This could be considered a new challenge...I'll leave that up to you.

By Mackenzie DavisPublished 18 days ago 3 min read
Top Story - September 2023
Teach me a Word!
Photo by Roman Kraft on Unsplash

In every poem I write, every word I read, and every mind that is better, smarter, quicker than my own, I desire to know vast swaths of vocabulary. Said another way: words inspire me to learn more words.

I read new words all the time, but my memory consistently fails me. What I need is a list I can read over and over, to cement these words in my brain. A localized area for new words to appear is even more convenient, a jumping off point for this list.

The thing is… I don’t want to read a dictionary. I’m very tempted and perhaps I will do this too. However, I could just ask all of you for input. So...
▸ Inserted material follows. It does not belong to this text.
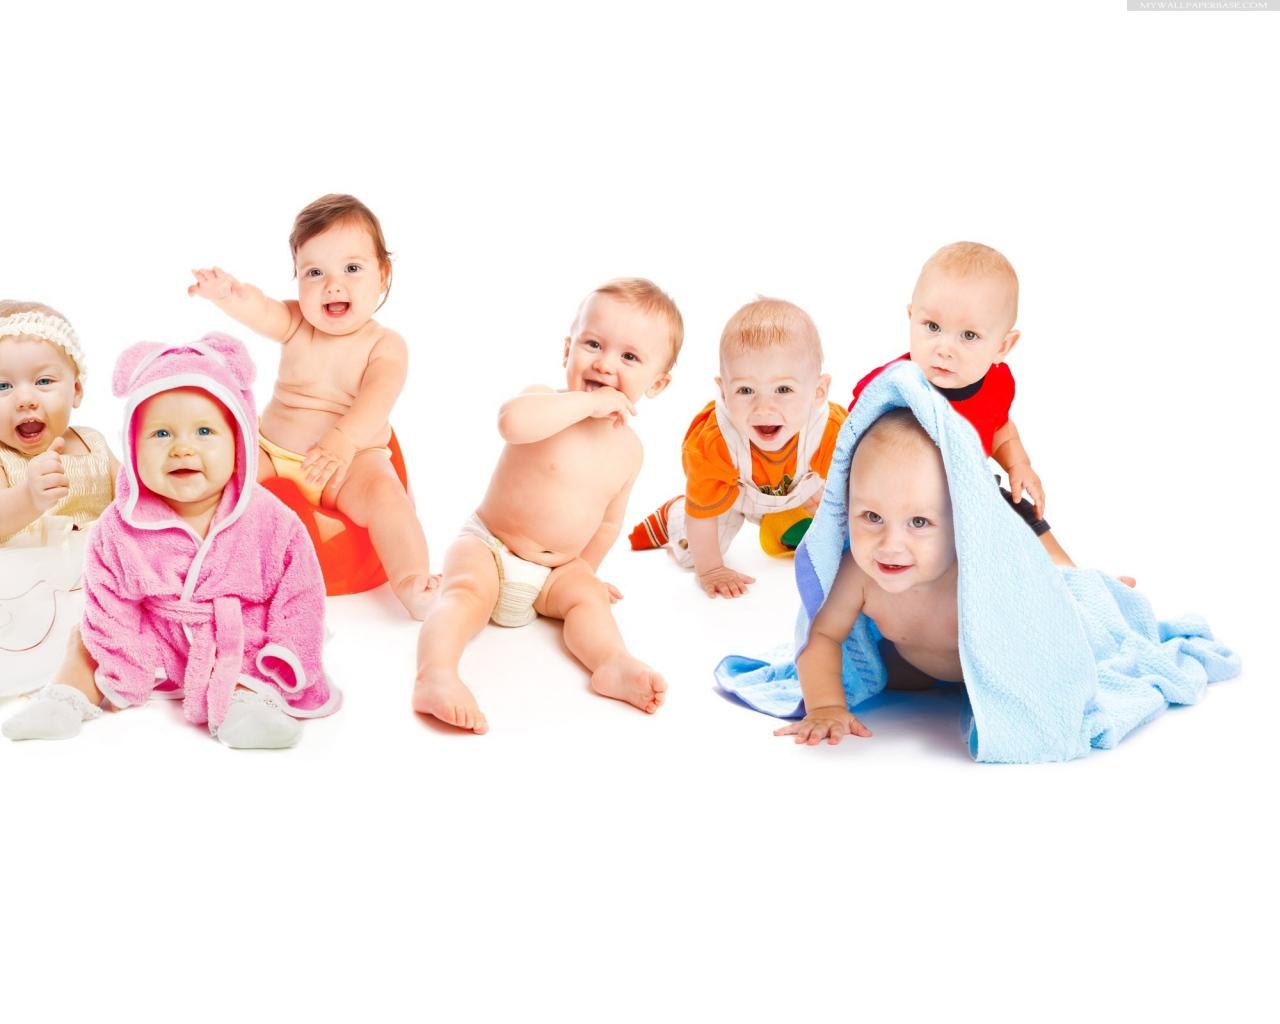 海外子ども服の只今開催中 通販ベビー&子供服 サマーセール情報

I have a request for you. (Yes you, you person with eyes reading this right now.) Teach me a new word, if you please. 🙃


Well…Meh; this is wiggly for me. I'd love to learn a new word, but like I said, I could just read a dictionary. So, it's wiggly.

Let me explain.

The newness of the word is secondary, perhaps even tertiary. If it's new to you great—I'd just like to know why you chose it. If it's new to me—yay! But you can't, of course, pick based off of what words I may or may not know.

Which means that, realistically, common words work. Let me read it with new eyes, though. Give it more life, paint it brighter, sing it with different emphasis.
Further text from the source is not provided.